Change Leadership — Secret # 70
The Customer Owns the Mine
There are risks and costs to a program of action,
but they are far less than the long-range risks and
costs of comfortable inaction. —John F. Kennedy
What I Need to Know |
You can do great things for people, but if they do not appreciate them, what have you accomplished? More important, if you have created huge value for your customer, but he does not recognize or appreciate it, your compensation will be commensurate with the value your customer perceives, not the value you created.
When we are in the role of helping people, sometimes we want so much to help them that we take ownership for their situation ourselves. If you have parents or children, you know how frustrating it can be when they fail to follow your well-informed suggestion. It’s like leading a horse to water. You feel like saying, “If you don’t drink the water in the trough, you’re going to die. Look, if you don’t drink it, I’m going to drink it for you!”
Just as in our roles as parents or children we cannot drink the water for the people we are trying to help, as salespeople and change leaders, we cannot make the change for our customers.
From time to time, when we are deeply involved with an account—we are deep in the proverbial mine shaft, if you will—it consumes our life and we forget who owns the mine. Ultimately, the mountain you are mining is owned by the customer.

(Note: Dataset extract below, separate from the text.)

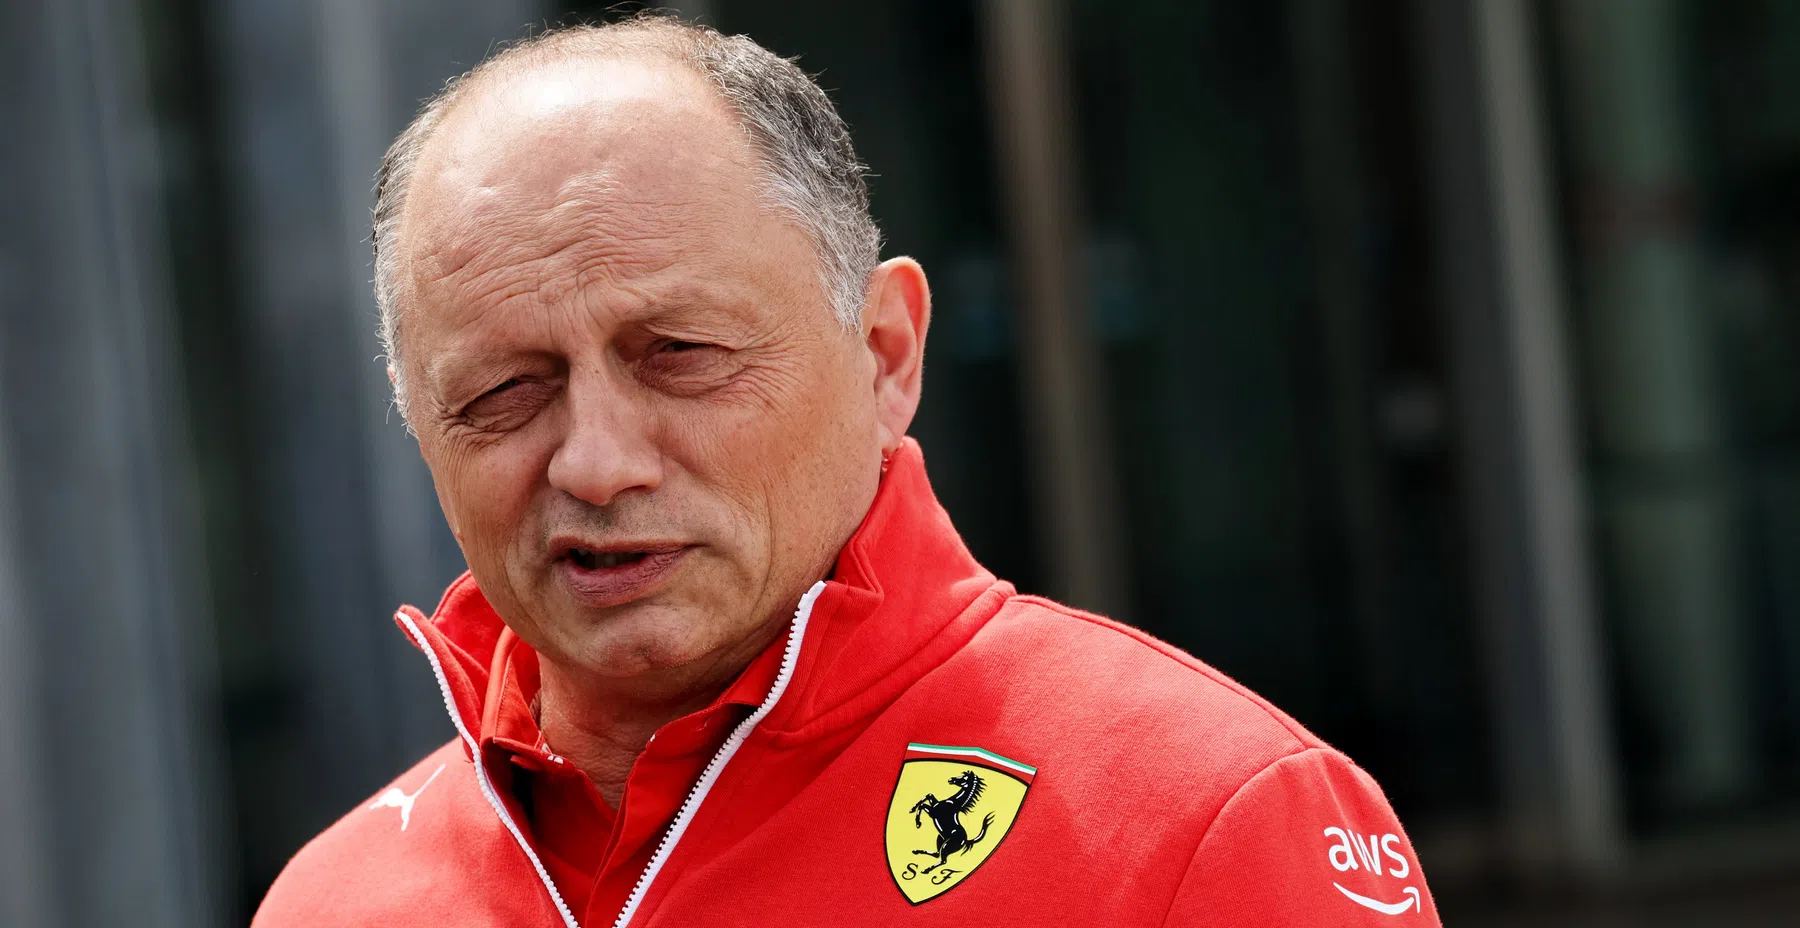 Vasseur, chefe de equipe da Ferrari, fala sobre o impacto de Newey

The value you find in the mine is the value the customer perceives, not the value you perceive. Also, it is the customer who creates the value. You are merely the customer’s helper.
What I Need to Do |
Go ahead and be passionate. Go ahead and passionately care about helping your customers. If you do not sincerely derive satisfaction from helping your customers, you will not be a successful change-centric salesperson.
Go ahead and imagine yourself in the customer’s shoes. Imagine the forces the customer is feeling and how the customer can best respond to them.

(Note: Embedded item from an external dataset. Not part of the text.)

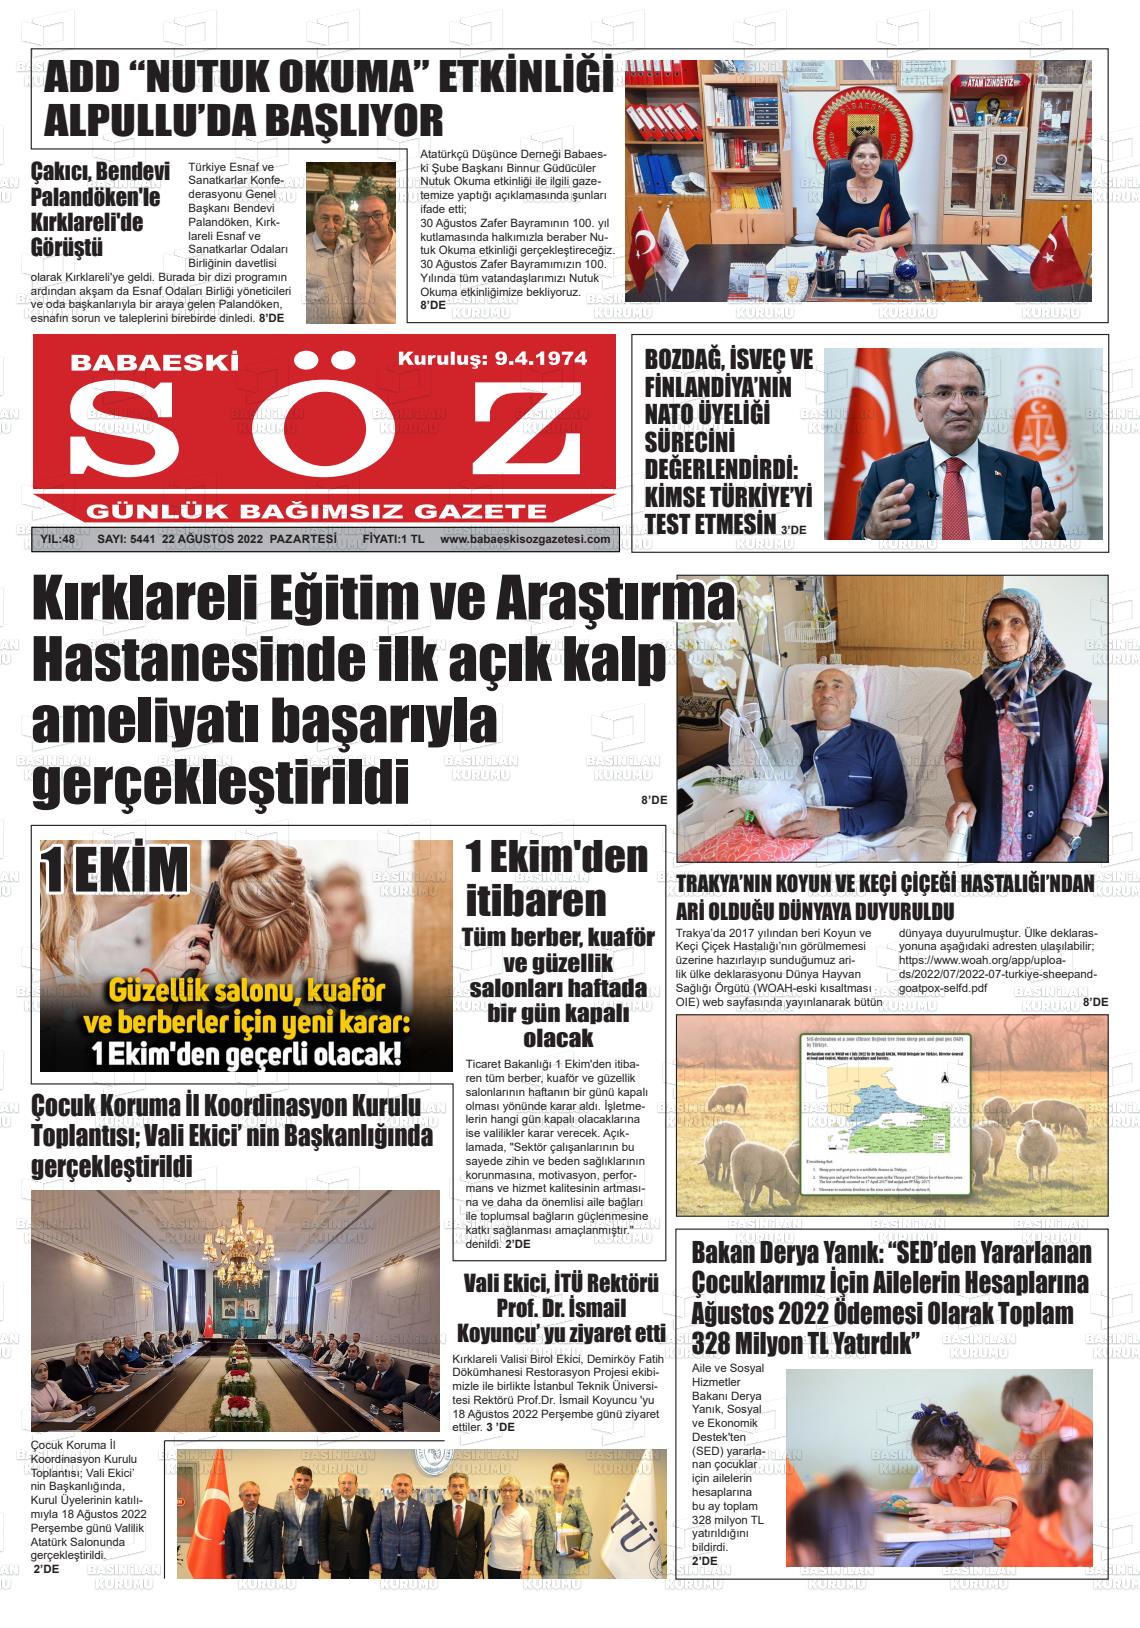 23 Ağustos 2022 Babaeski Söz Gazete Manşeti

But, stop short of believing you are actually living in the customer’s shoes. Stop short of believing the shoes are yours.
Experienced teachers set clear boundaries for their ownership because they know some “horses” will drink from the trough and some will not, regardless of the teacher’s actions and best intentions. Set similar boundaries for your ownership.
Make sure the customer personally takes ownership, every step along the way, for the value you help create.